Tool assembly: Plant Phenomics

What is the plant phenomics tool assembly and who can use it?

The plant phenomics tool assembly covers the whole life cycle of experimental plant phenotyping data. It uses the concepts of the MIAPPE (Minimum Information About a Plant Phenotyping Experiment) standard: (i) experiments description including organisation, objectives and location, (ii) biological material description and identification and (iii) traits (phenotypic and environmental) description including measurement methodology. A more detailed overview of the MIAPPE standard is available, as well as the full specifications.

The plant phenomics tool assembly helps everyone in charge of plant phenotyping data management to enable:

the integration of phenotyping data with other omics data: see the general principles on the Plant Sciences domain page;
the findability of their data in plant specific (e.g. FAIDARE) or generic search portal (e.g. Google Data Search);
the long term reusability of their data.

How can you access the plant phenomics tool assembly?

All the components of the plant phenomics tool assembly are publicly available and listed below, but many of them require registration.

Tools and resources used in managing plant phenomics and phenotyping data. — Figure 1. The plant phenomics tool assembly.

Data management planning

The general principles to be considered are described in the Plant Sciences domain page.

Data Stewardship Wizard is a human-friendly tool for machine-actionable DMP collaborative editing.

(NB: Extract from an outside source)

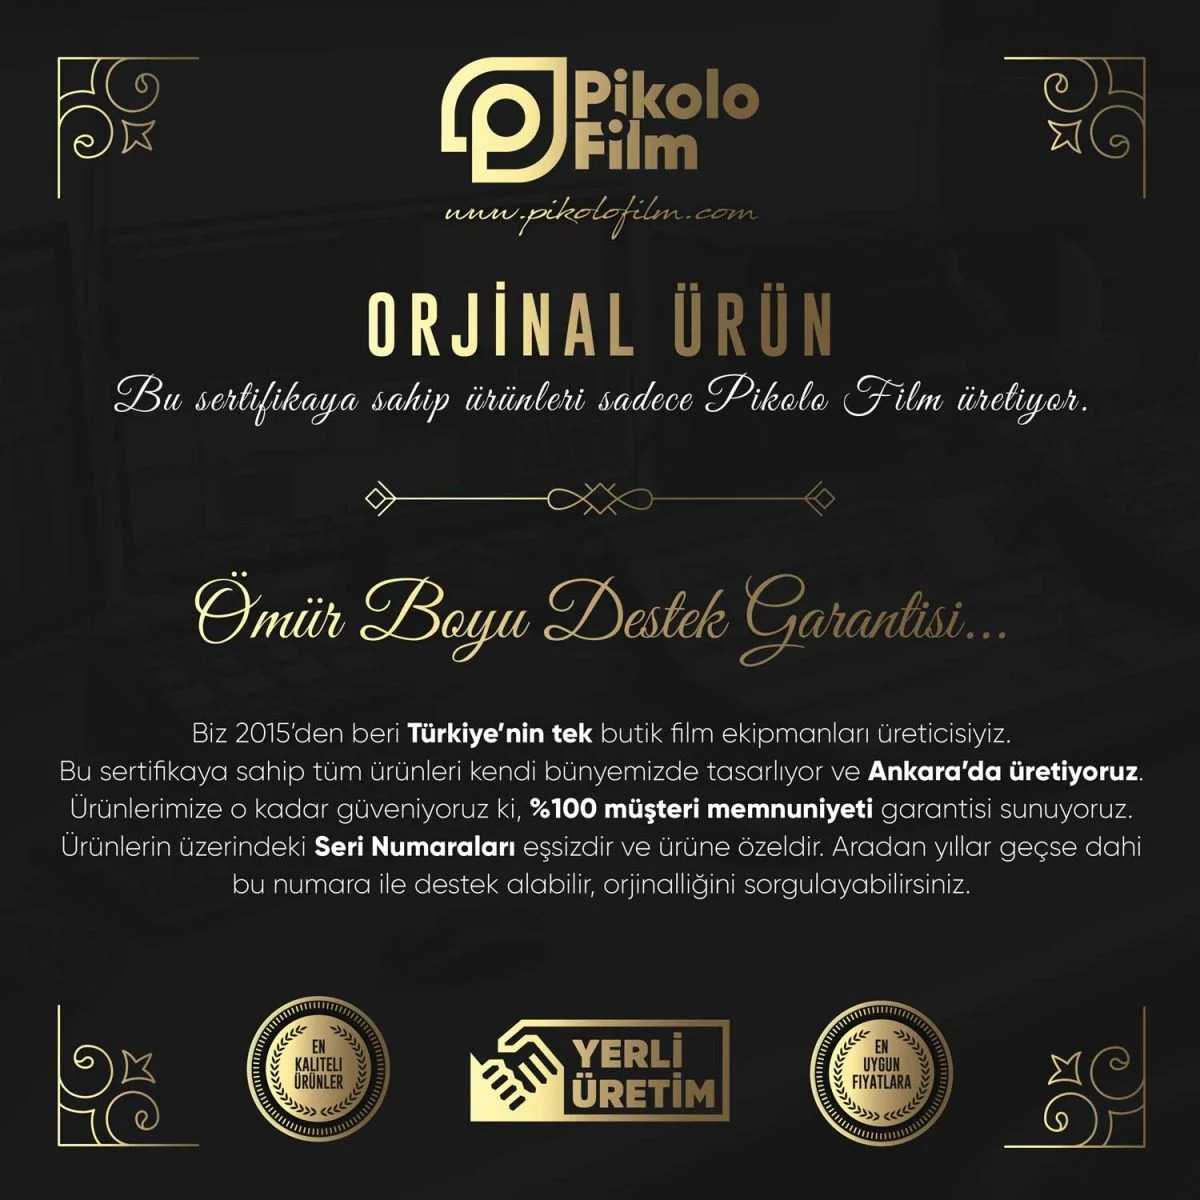 Pikolo'nun orjinallik sertifikası

The DSW Plant Sciences project template, available on ELIXIR’s DSW instance for researchers can be used for any plant sciences project. When creating the DMP Project, choose the option “From Project Template” and search for the “Plant Sciences” template.

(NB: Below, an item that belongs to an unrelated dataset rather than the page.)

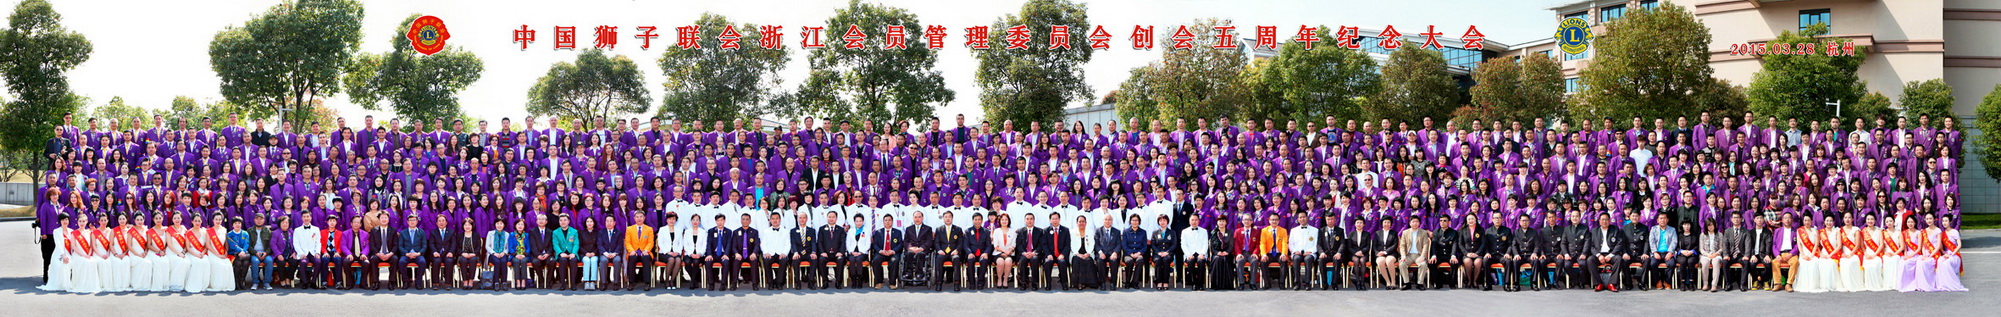 中国狮子联会浙江会员管理委员会创会5周年纪念大会合影

File based data collection

The metadata and description of your experiments should be filled using a MIAPPE template. Note that a README file is provided, which fully describes each field, including its type and whether it is optional or mandatory. All fields should be present in the file you are using, even if you leave the optional ones empty. This will allow standard processing and validation using dedicated tools.

Experimental data gathering and management

Systems for file based data collection

FAIRDOM-SEEK is an open source web-based data sharing platform used as a repository or a catalogue. It is being deployed as several instances ranging from confidential project data sharing platforms (INRAE/AGENT, VIB) to public repositories like FAIRDOMHub. It is MIAPPE compliant through the integration of MIAPPE metadata at the investigation, study and assay levels. It can be used for project based early data sharing, in preparation for long term data storage, but also as a preservation tool for raw data.
pISA-tree is a data management solution developed to contribute to the reproducibility of research and analyses. Hierarchical set of batch files is used to create standardised nested directory tree and associated files for research projects.
COPO is a data management platform specific to plant sciences.

High throughput dedicated systems

PHIS the open-source Phenotyping Hybrid Information System (PHIS), based on OpenSILEX, manages and collects data from Phenotyping and High Throughput Phenotyping experiments on a day to day basis. It can store, organise and manage highly heterogeneous (e.g. images, spectra, growth curves) and multi-spatial and temporal scale data (leaf to canopy level) originating from multiple sources (field, greenhouse). It unambiguously identifies all objects and traits in an experiment and establishes their relations via ontologies and semantics that apply to both field and controlled conditions. Its ontology-driven architecture is a powerful tool for integrating and managing data from multiple experiments and platforms, for creating relationships between objects and enriching datasets with knowledge and metadata. It is MIAPPE and BrAPI compliant, and naming conventions are recommended for users to declare their resources. Several experimental platforms use PHIS to manage their data, and PHIS instances dedicated to sharing resources (projects, genetic resources, variables) also exist to allow the sharing of studied concepts.
PIPPA is the PSB Interface for Plant Phenotype Analysis, is the central web interface and database that provides the tools for the management of the plant imaging robots on the one hand, and the analysis of images and data on the other hand. The database supports all MIAPPE fields which are accessible through the BrAPI endpoints. Experiment pages are marked up with Bioschemas to improve findability on google.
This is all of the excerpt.